Нужно снизить обороты двигателя до самого малого. Топлива хватит до утра, и так она не замерзнет. Через решетку в корме харьера (под которой прятался мотор) шел теплый воздух. Щека, вернее то, что от нее осталось, болела ужасно, хоть и не как тогда, когда в Пустыне ее накрыла зубная боль. В тот раз было много хуже. Настолько, что она выбила себе зуб при помощи кинжала и тяжелого ключа.
Да, сейчас определенно все не так плохо. Хоть и значительно страшнее выглядит. Закончив, она устроилась на лежаке, рядом с сидением пилота. Залезла под шкуры, спряталась под ними, согреваясь.

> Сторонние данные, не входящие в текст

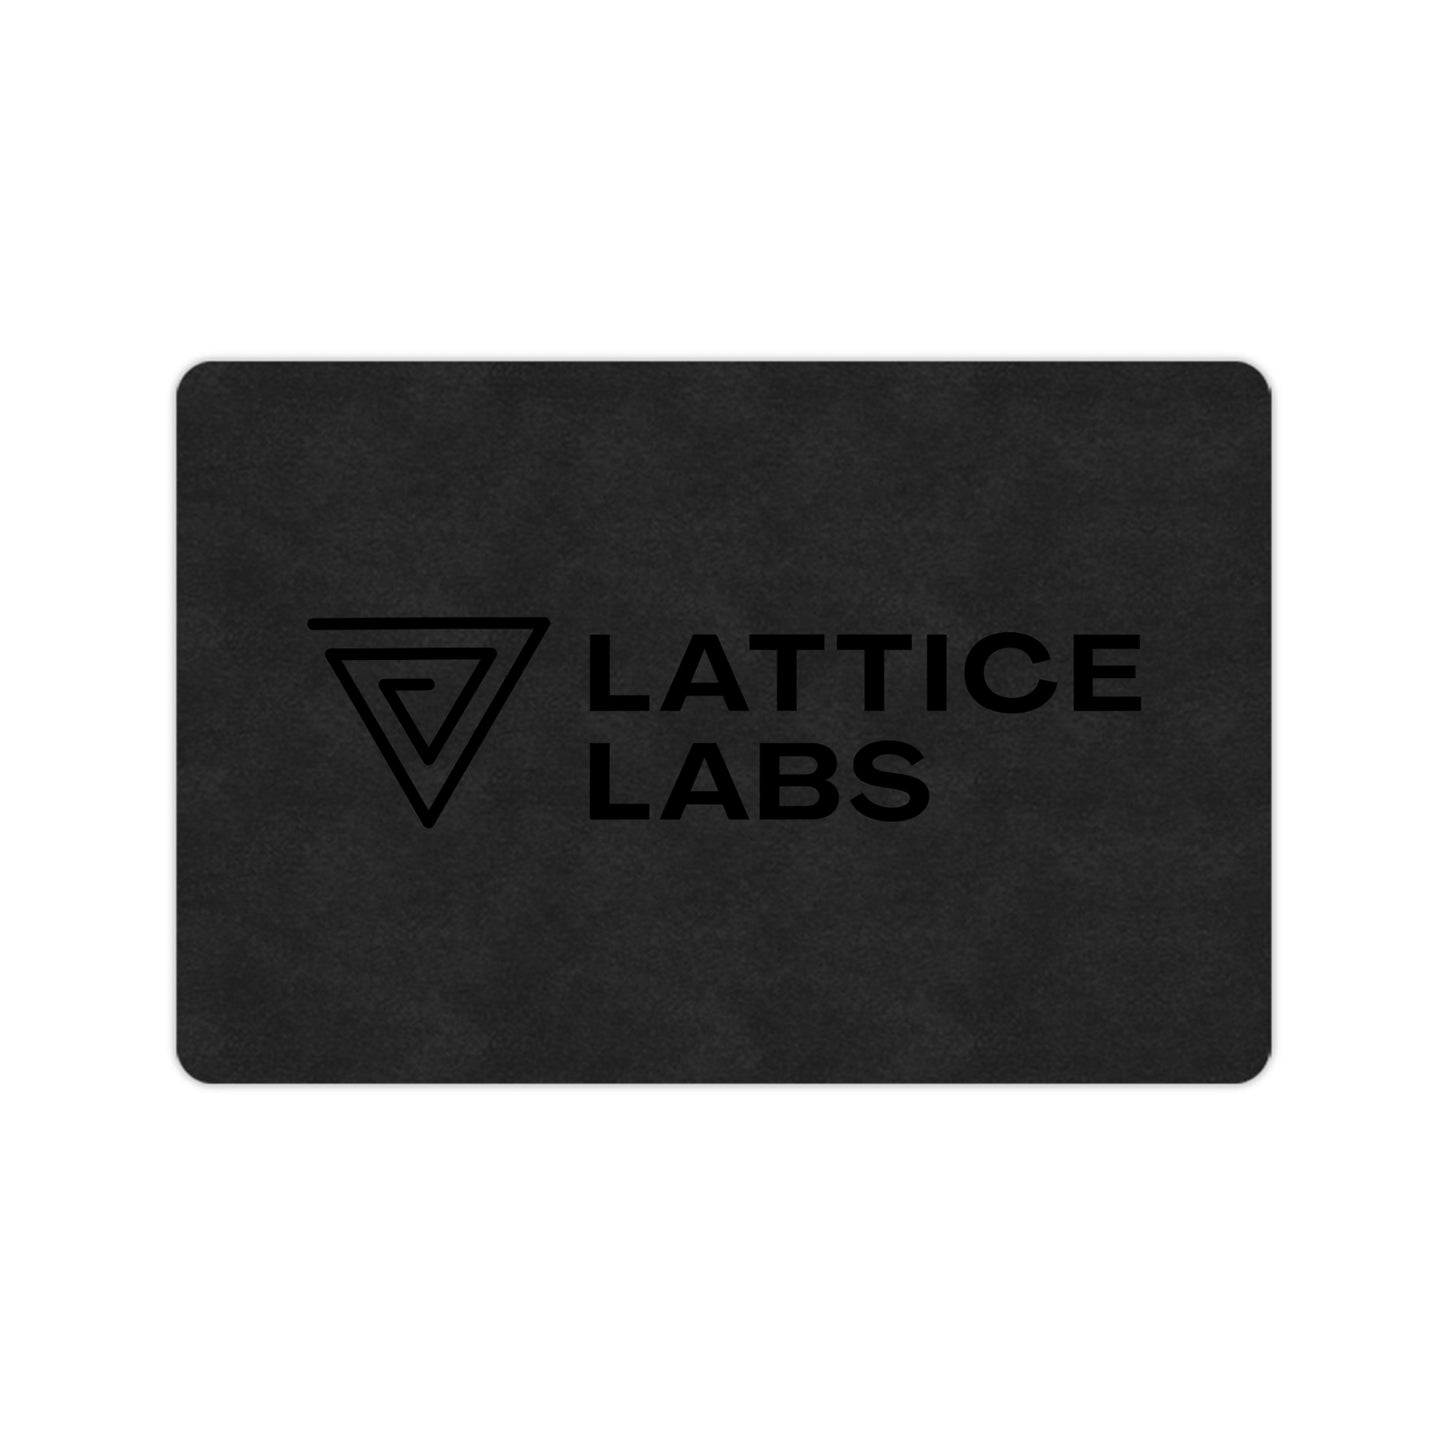 Lattice Labs Doormat
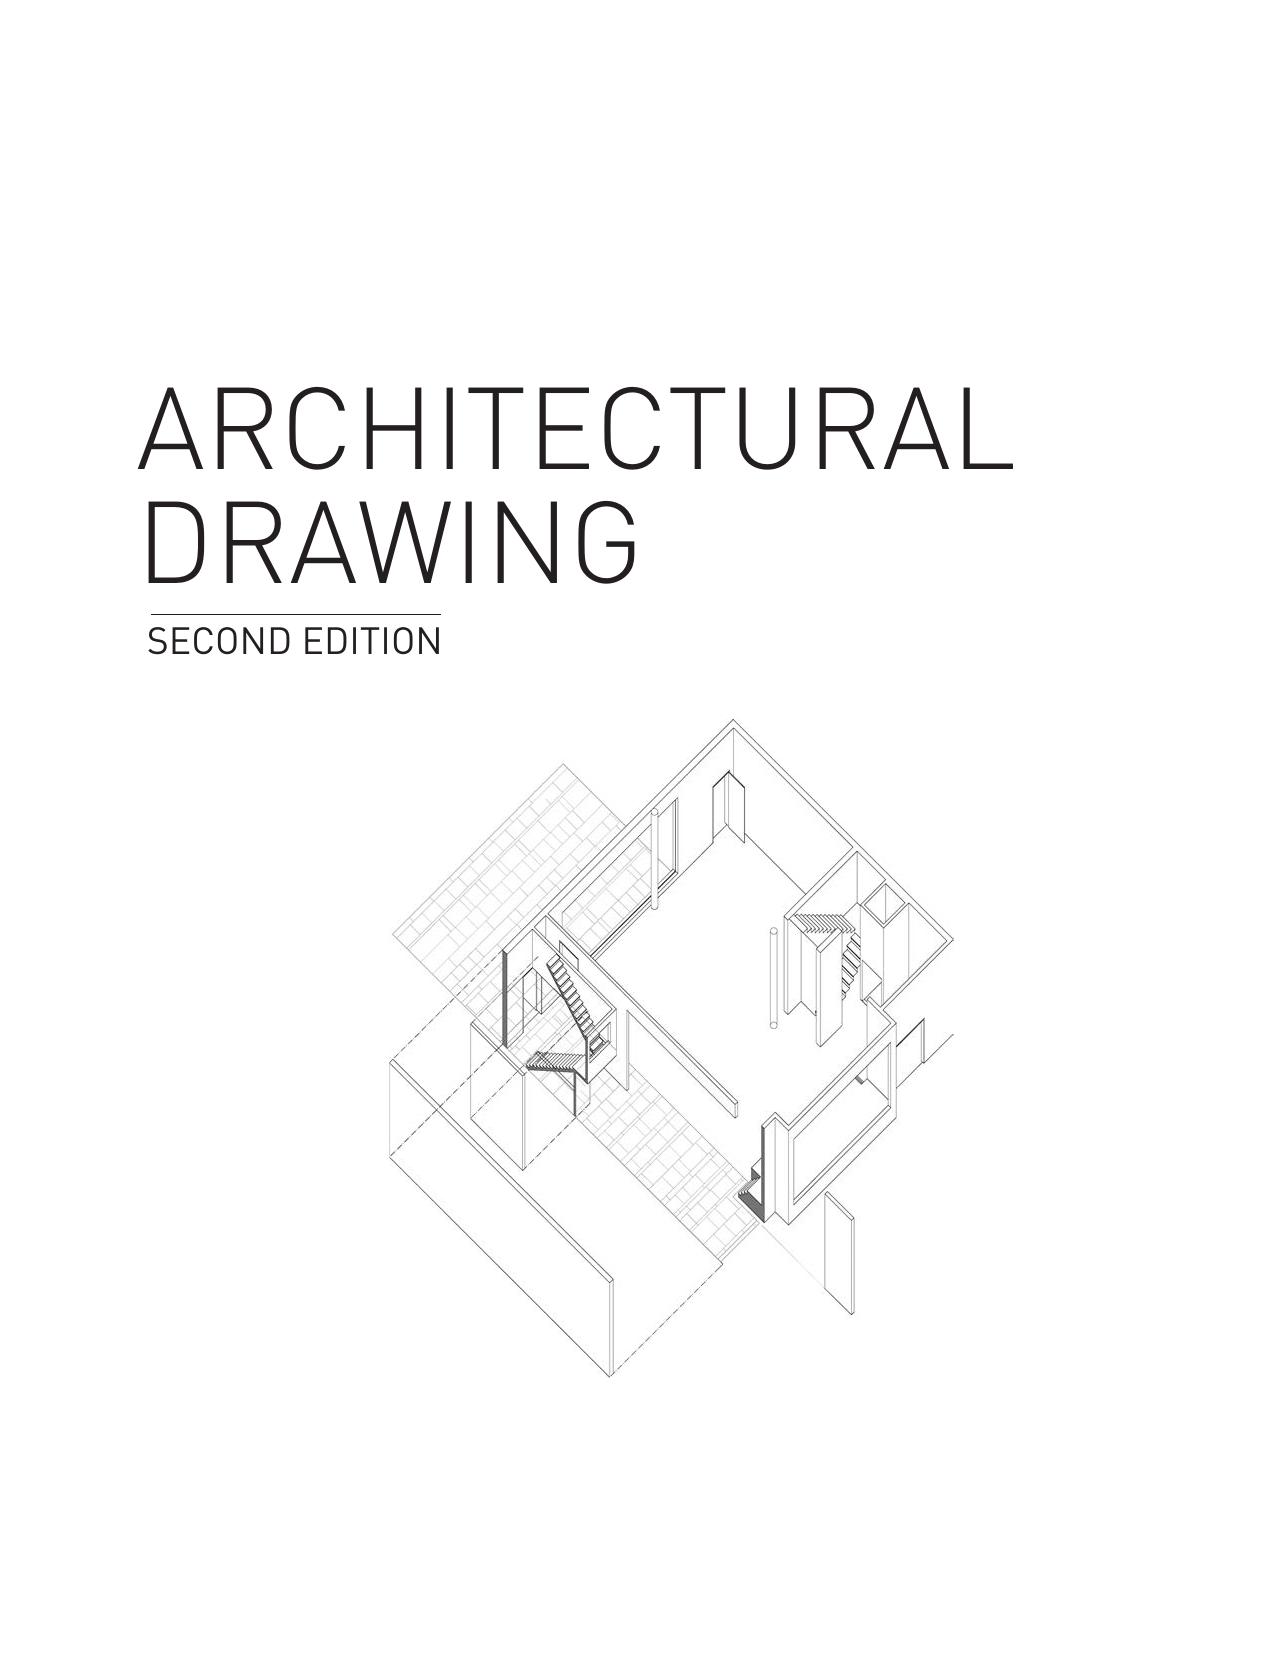 Architectural Drawing by Dernie David

Потом очень долго смотрела в темноту кабины, слушая, как сечет по обшивке харьера ночная метель. В Братство не хотелось. Совсем. Мысли о том, что ей нужно перед кем-то отчитываться, выполнять чьи-то приказы, тяготили. Но… Они заменили ей семью. Они спасли ее. Технобог заполнил пустоту в душе сироты, хотя, конечно, после и сам растворился среди льдов. О нем напоминали лишь проповеди Рупора.
Она всегда считала, что датчики в ее теле – это то, что дает ей силы жить дальше. То, ради чего она живет. Ее цель бытия. Стремлениерода людского к процветанию науки, разума, технологии. Отказ от магического есть благо, есть шаг вперед. Есть торжество человечества над эфемерными сферами. Так говорил Рупор, а она пыталась в это поверить, как раньше, но лишь металась по Пустыне в поисках того, что искало Братство, или же в поисках себя.
Фрет Содружества разрушил ее связь с Цитаделью, и… Она была почти что счастлива. В тишине… Обезображенная неведомым капитаном и освобожденная им. Впрочем, кровь тех, кто так бесцеремонно выдрал ее из объятий Братства,еще напоит Пустыню.
Шум метели за бортом убаюкивал, мысли облепляла мокрая снежная крошка, и они едва шевелились под белым налетом. Глаза смыкались и, наконец-то, сон победил ее.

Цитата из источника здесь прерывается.